Try it: Copy nothing past the line containing "Lululemon The Reversible". Transcribe every line of the listing below up to and including it, from the first, except pictures.

Data:
=== Section Start ===

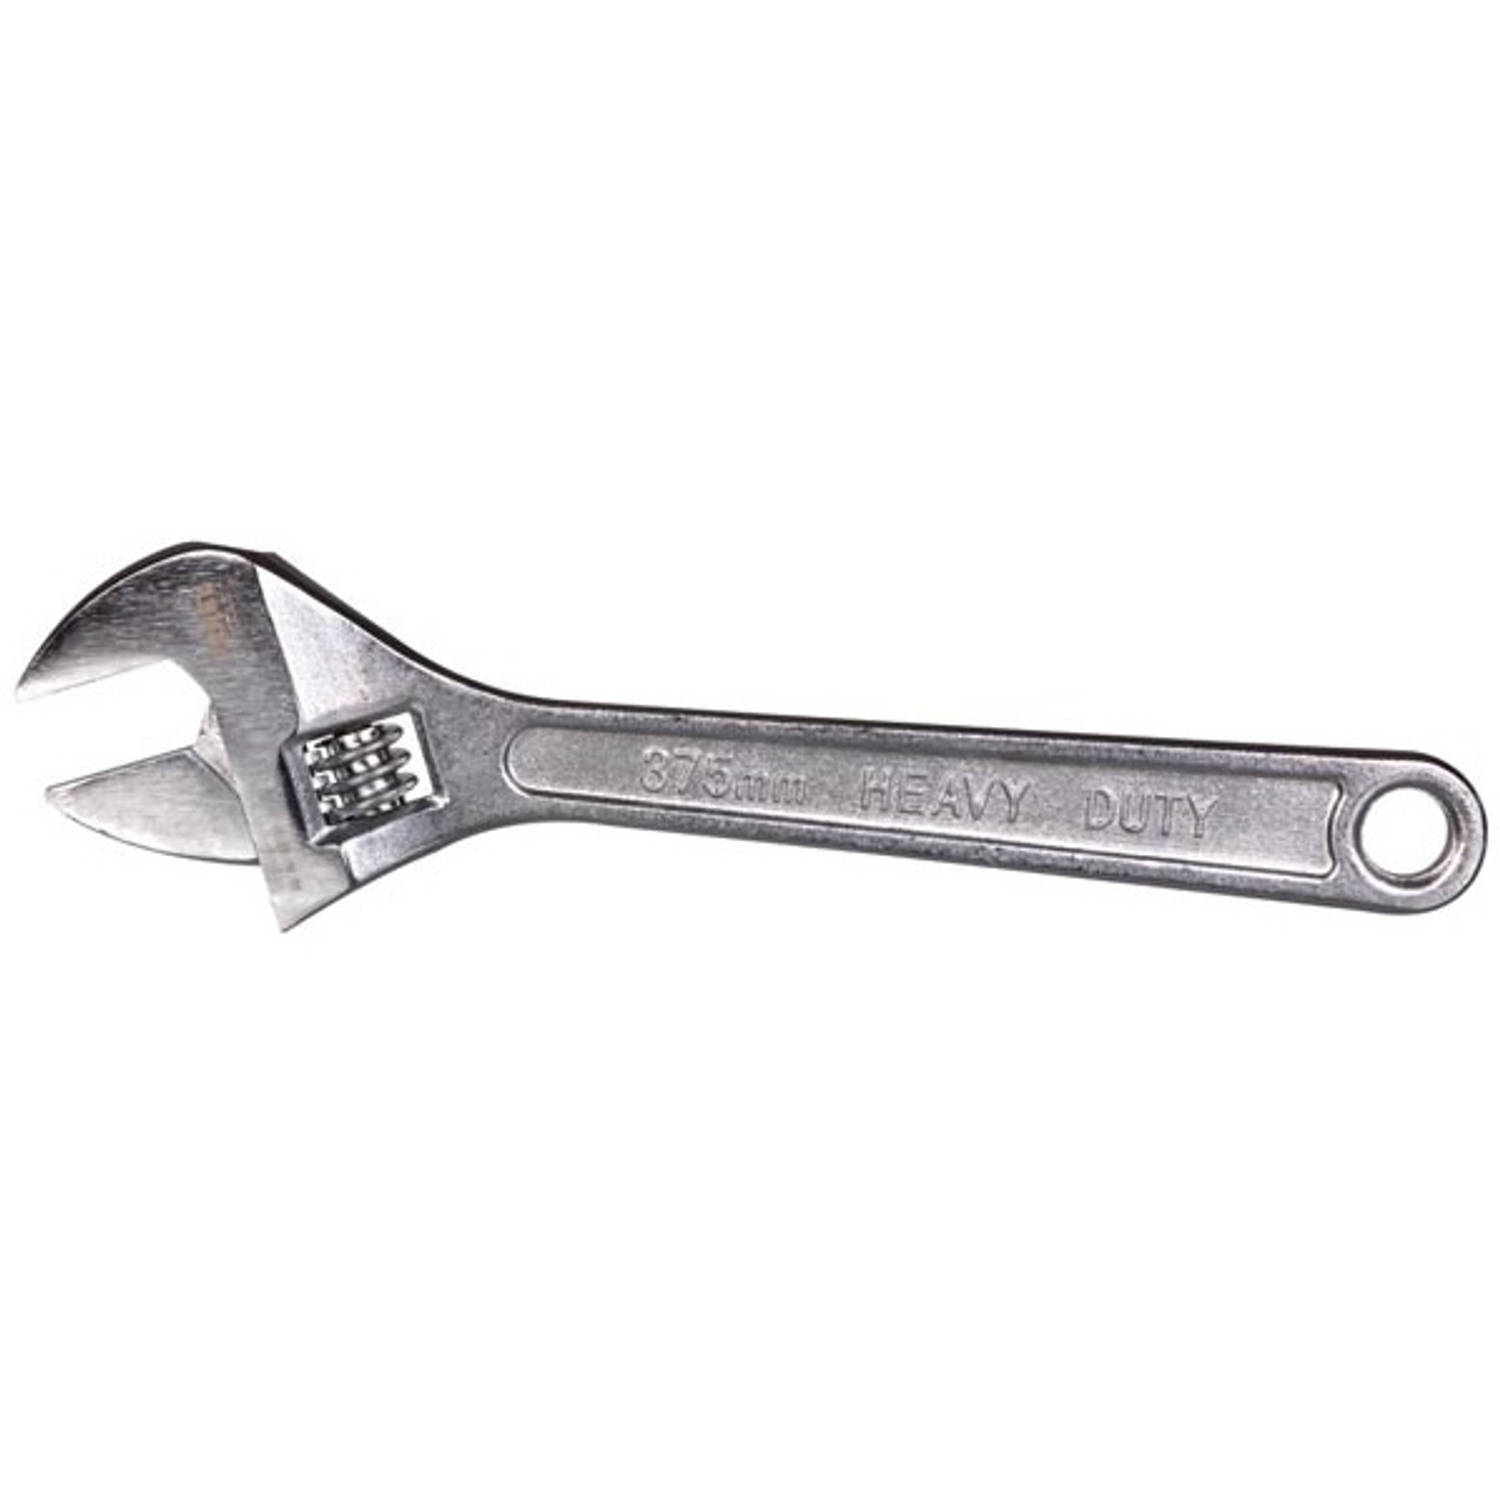 Perel Engelse sleutel 15"" 37,5 cm carbon-staal zilver/zwart
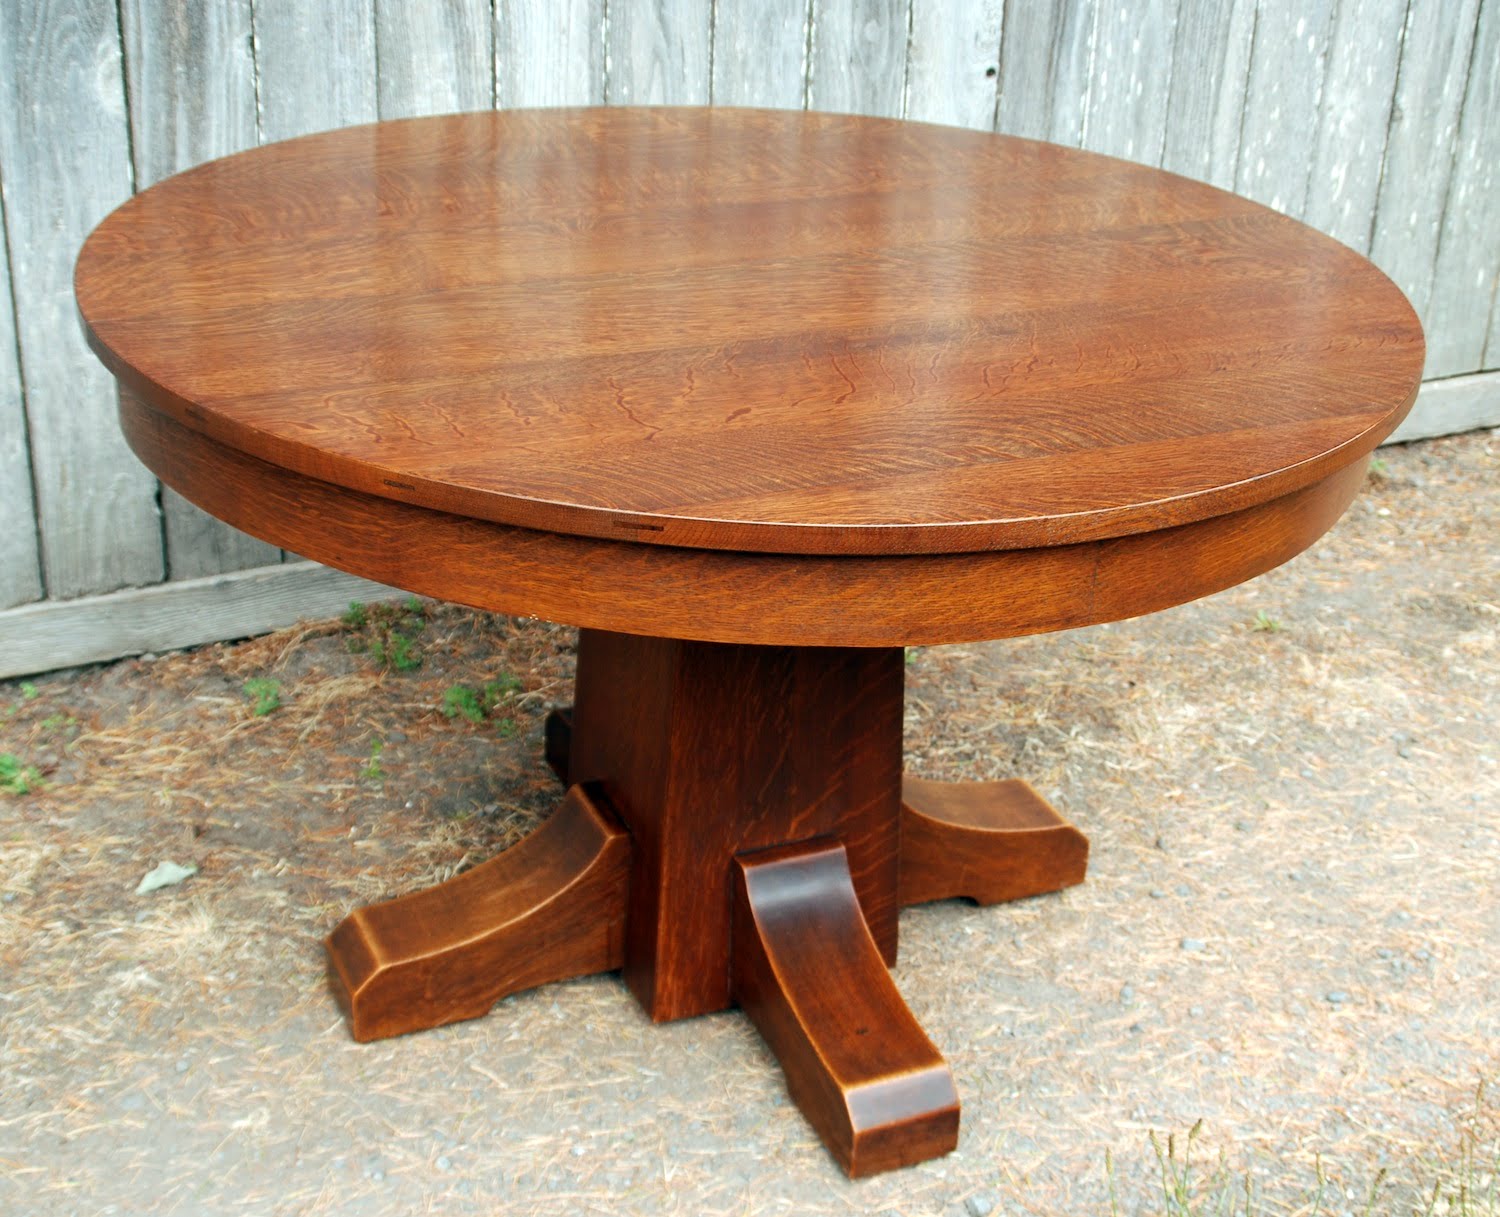 Voorhees Craftsman Mission Oak Furniture Original L J G Stickley 42 Inch Dining Table With 4 Original Leaves Signed
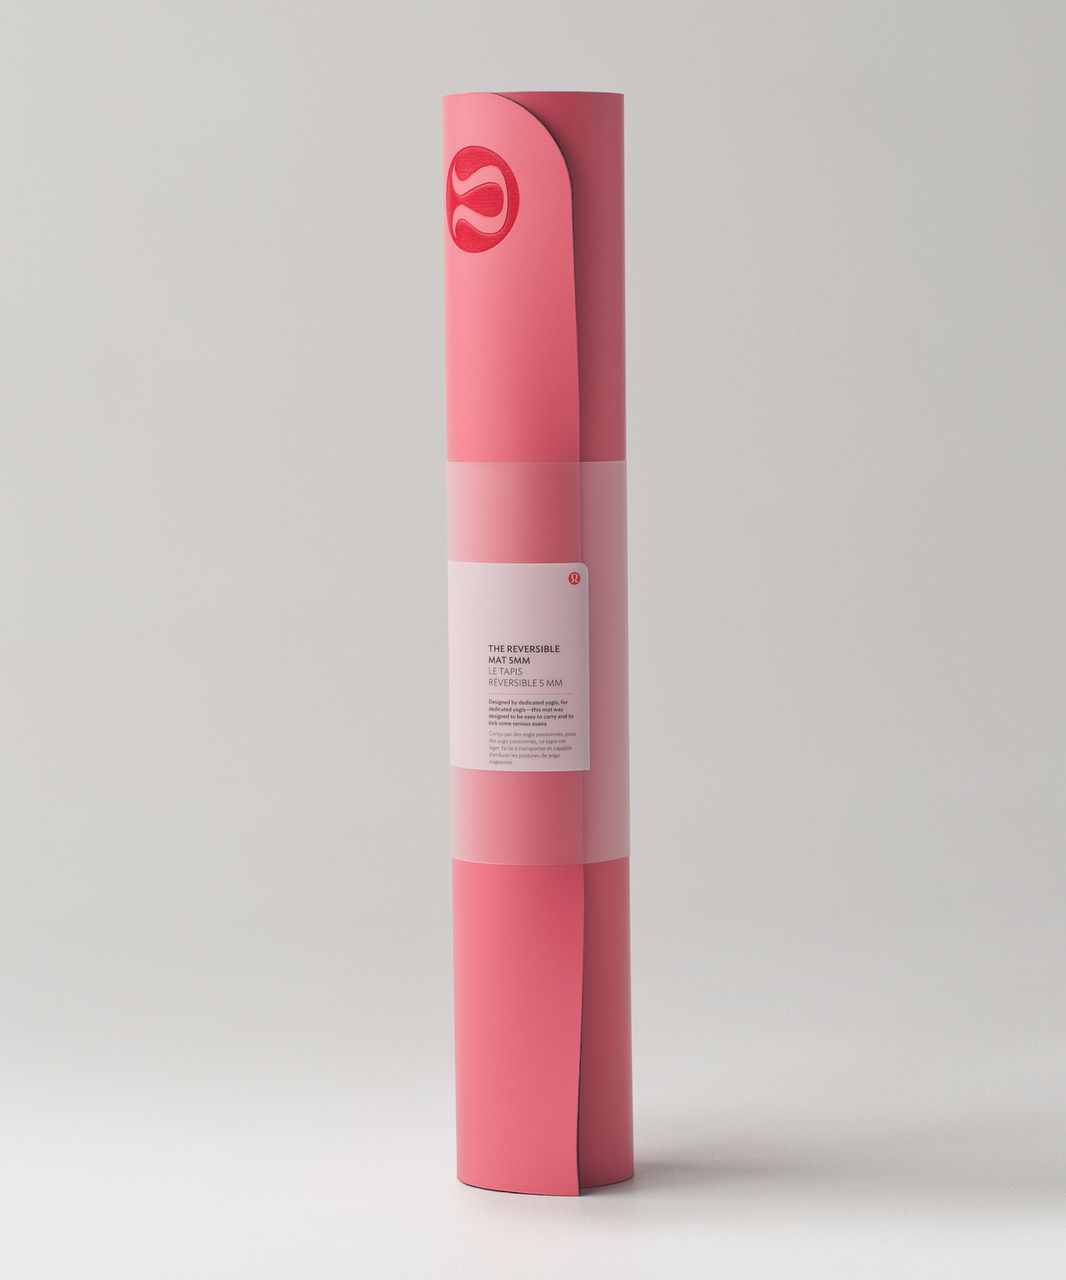 Lululemon The Reversible Mat 5mm - Pink Lemonade / Deep Coal
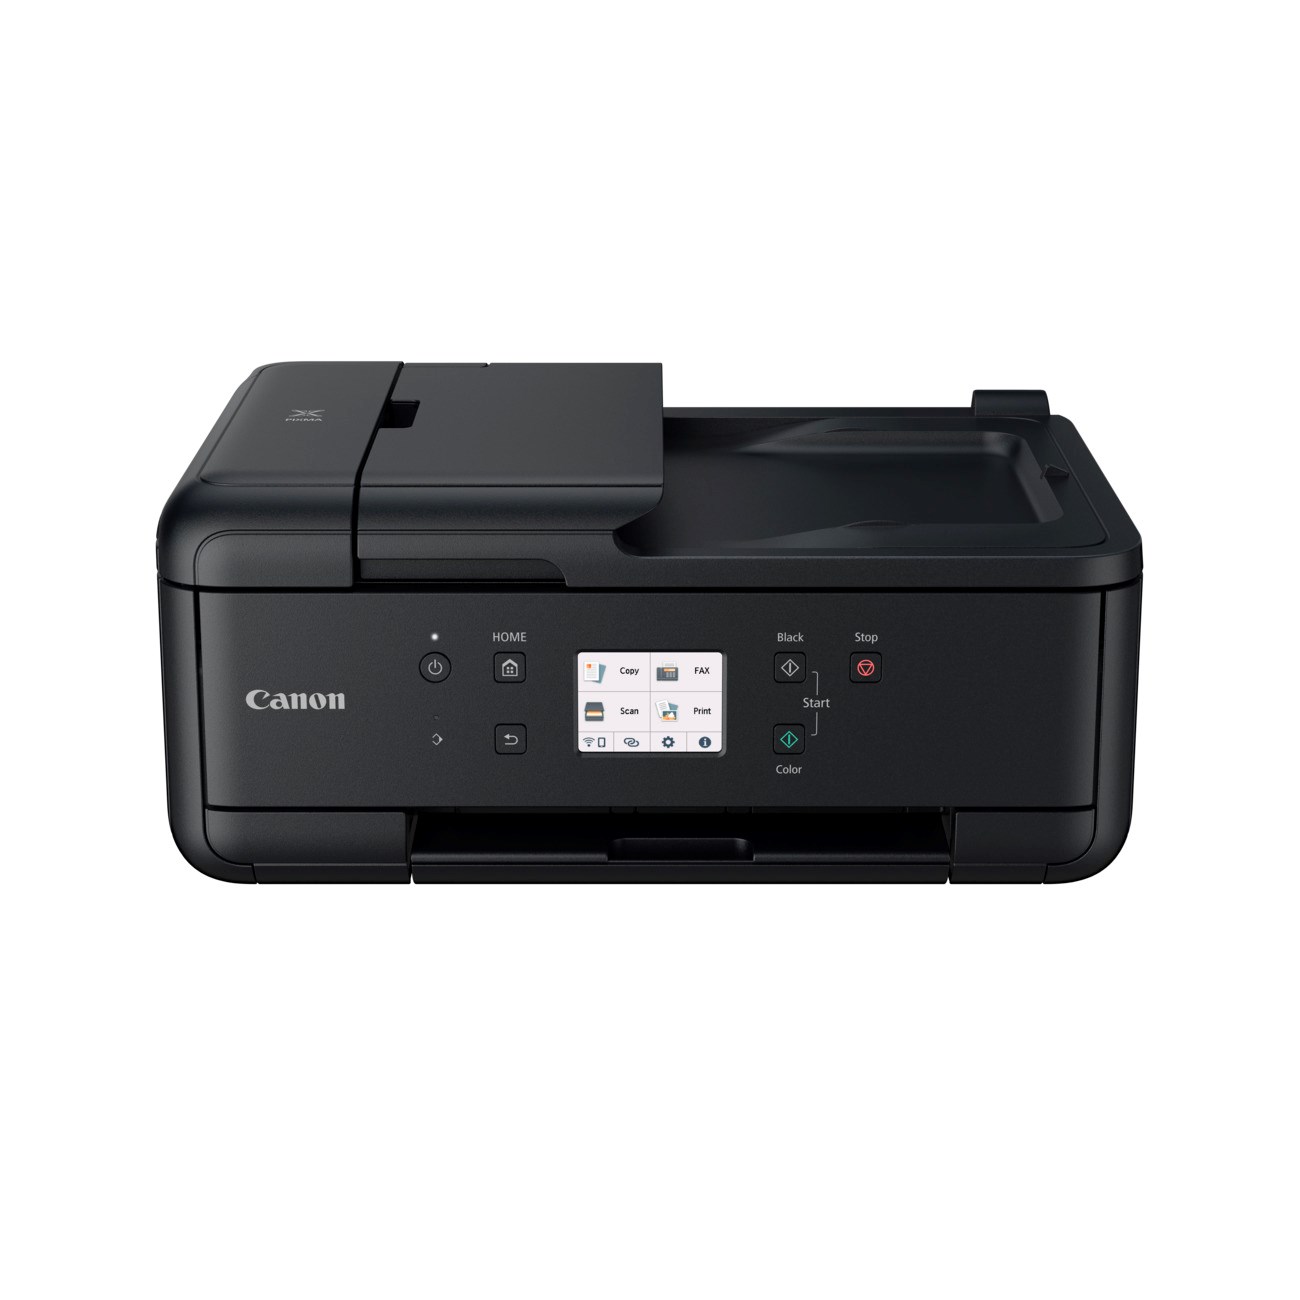 Canon PIXMA Tiskárna TR7650 black- barevná, MF (tisk, kopírka, sken, fax, cloud), ADF, USB, Wi-Fi0

=== Section End ===

Exercise response:
 Perel Engelse sleutel 15"" 37,5 cm carbon-staal zilver/zwart
 Voorhees Craftsman Mission Oak Furniture Original L J G Stickley 42 Inch Dining Table With 4 Original Leaves Signed
 Lululemon The Reversible Mat 5mm - Pink Lemonade / Deep Coal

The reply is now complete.